PhD candidate, History, Northwestern University
Cohort Seven Fellow
Associate Professor, Department of History, Northwestern University
Assistant Professor, Department of Human Development and Social Policy, Northwestern University
Areas of Expertise
Child Welfare and Foster Care Systems, Early Childhood Education and Initiatives, Economic Supports for Families, Families and Family Systems, Home Visiting and Maltreatment Prevention, Infants and Toddlers, Low-Income Families and Individuals, Racial/Ethnic Minorities, Archival Research
Michelle Bezark is a doctoral student in the department of history at Northwestern University. She studies the history of child welfare policy in the United States under the guidance of Dr. Susan Pearson. Her dissertation examines the Sheppard-Towner Act of 1921, the nation’s first federal legislation to promote child welfare. Her broader historical interests include the history of childhood, public health, and state-building. Ms. Bezark has received multiple grants to support her research in archives across the country. She holds an M.A. in history from Sonoma State University and a B.A. from the University of Vermont.
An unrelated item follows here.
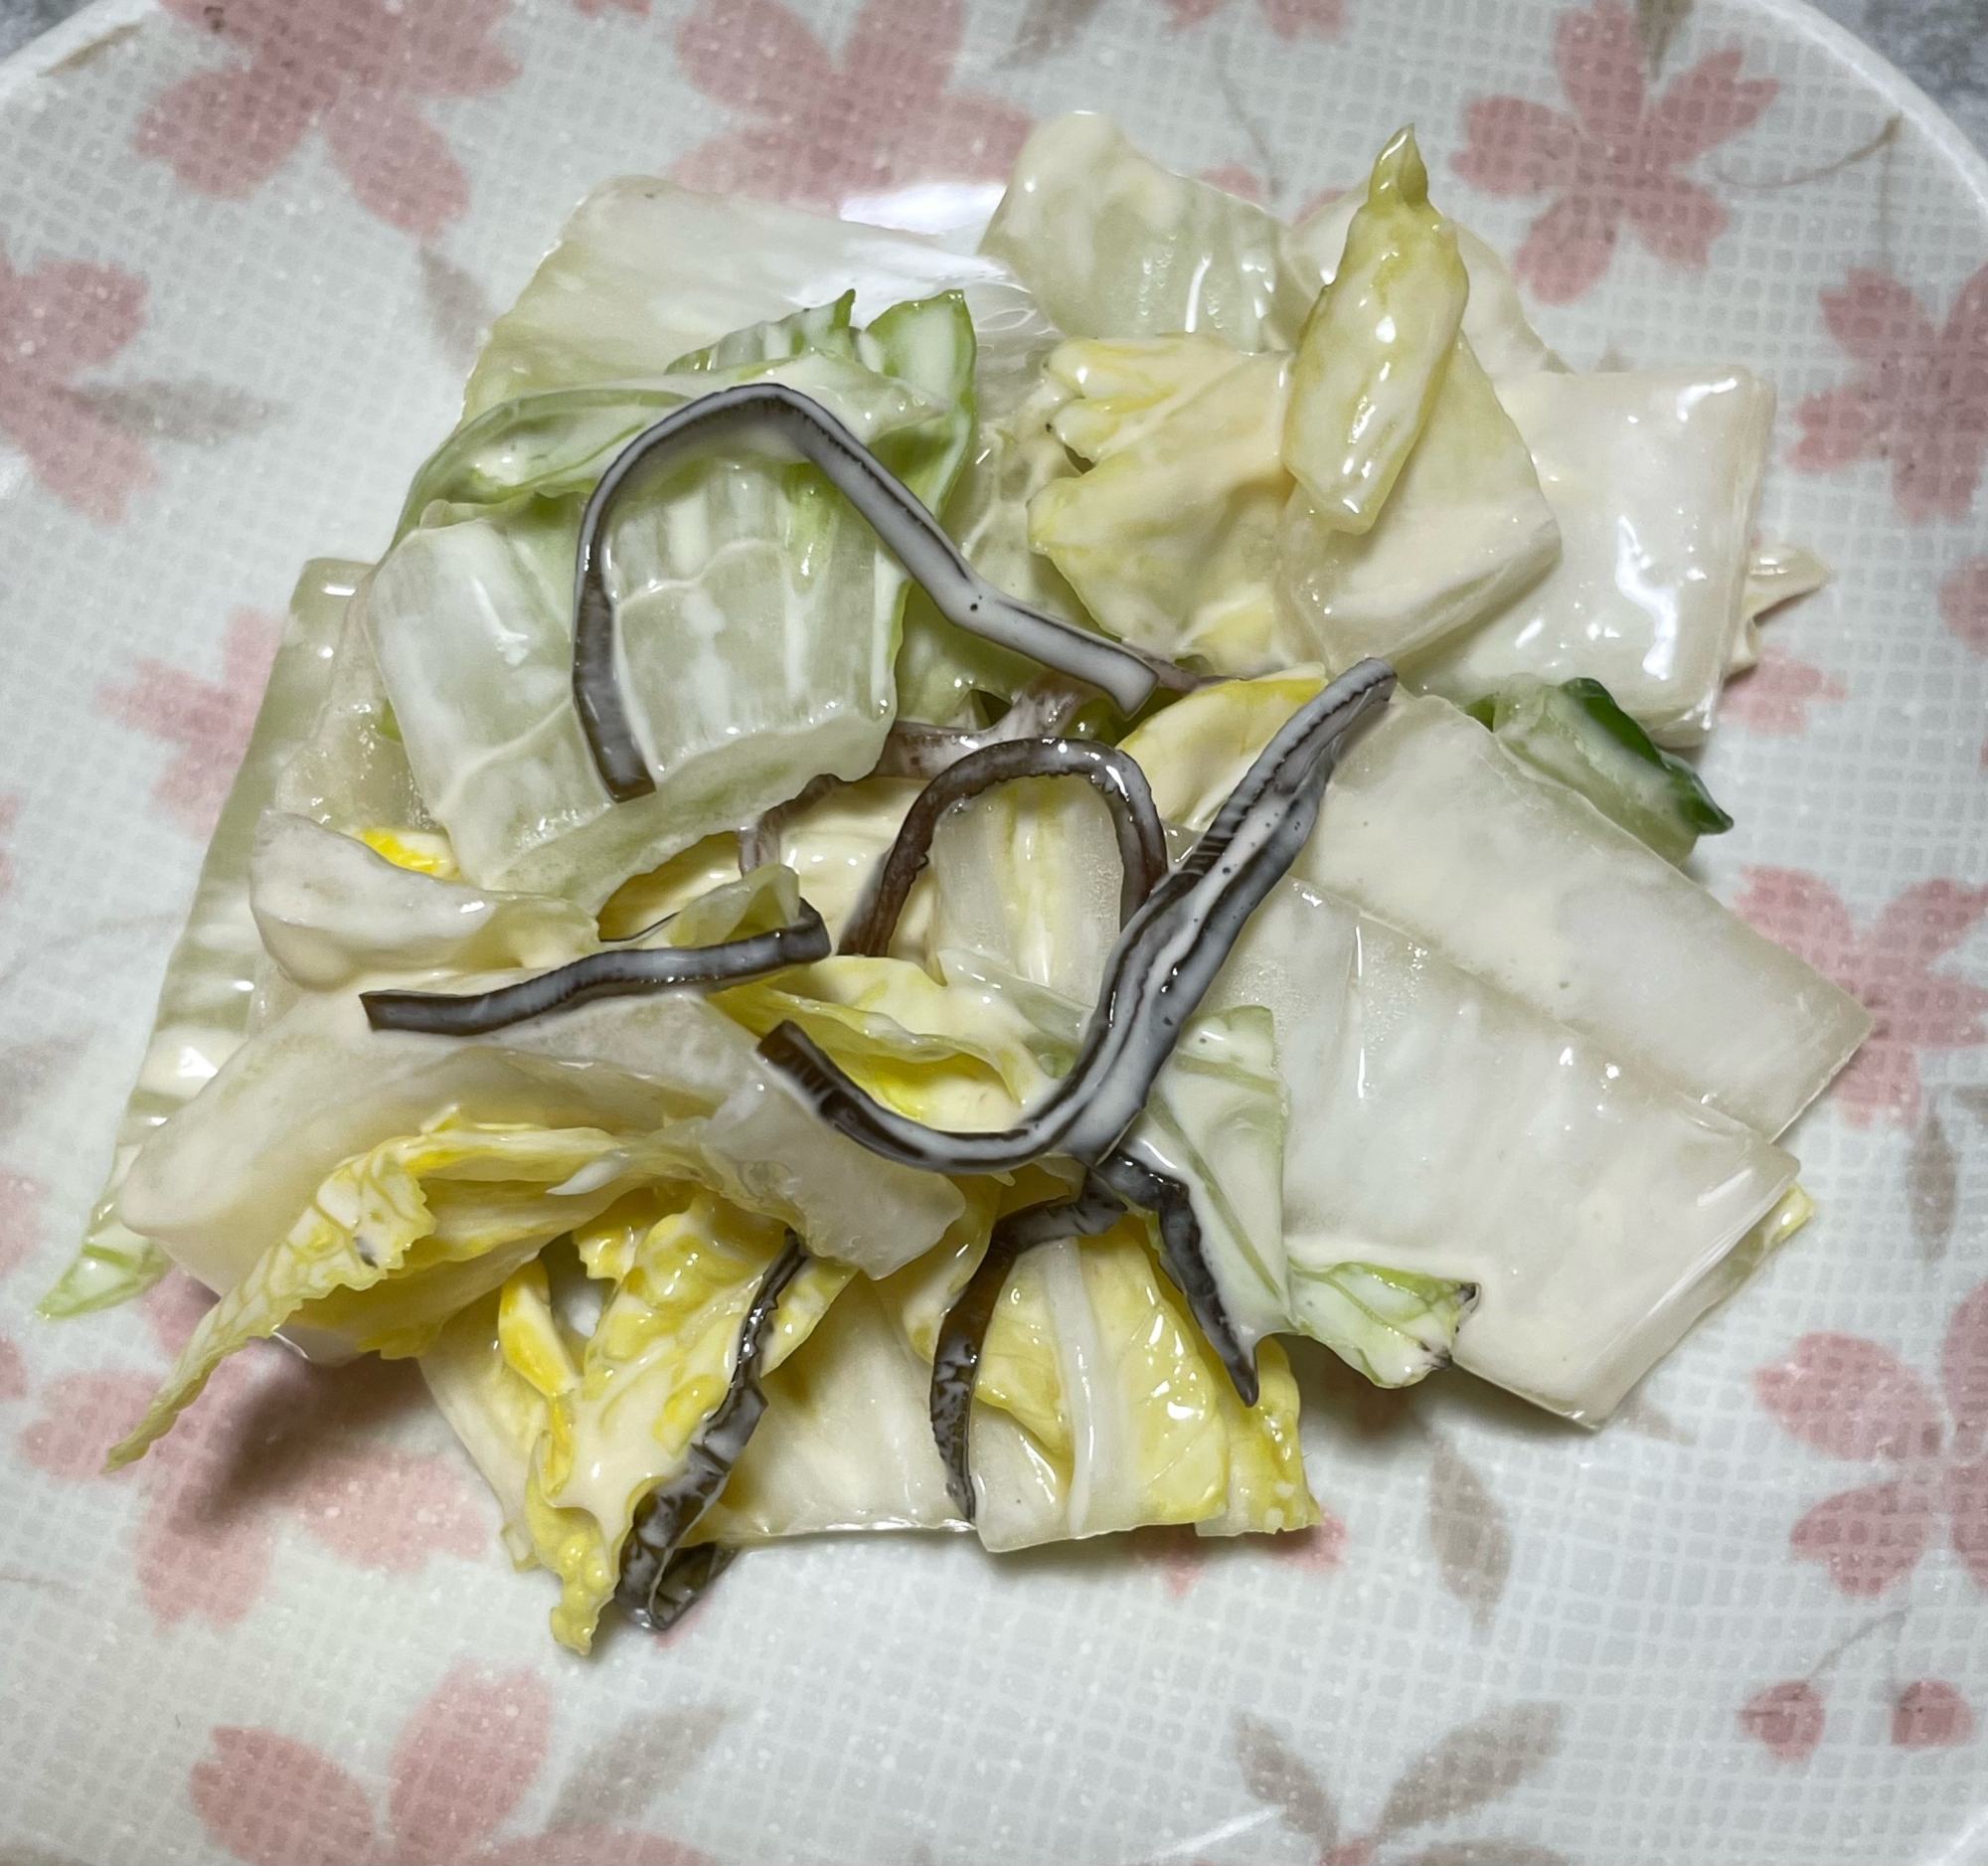 塩昆布白菜 (マヨ和え)

The “Better Baby Bill:” The Sheppard-Towner Act and the Origins of State-Sponsored Child Welfare
The 1921 Sheppard-Towner Act, colloquially known as the “Better Baby Bill,” provided federal funding to match state spending on infant and maternal welfare. This was the nation’s first federal social welfare program. It was also the first attempt to incorporate “women’s issues” into the national political dialogue after the Nineteenth Amendment granted women the franchise in 1919. According to the United States Children’s Bureau annual reports, half of all babies born in the United States between 1921 and 1929 benefited in some way from this legislation. My dissertation will trace Sheppard-Towner funds from their origin in the U.S. Children’s Bureau to their terminus in private homes and local community spaces in order to illustrate how this federal funding was used on the ground. The results will illustrate the relationship between federal policy, state bureaus of health, private charitable organizations, and individual families.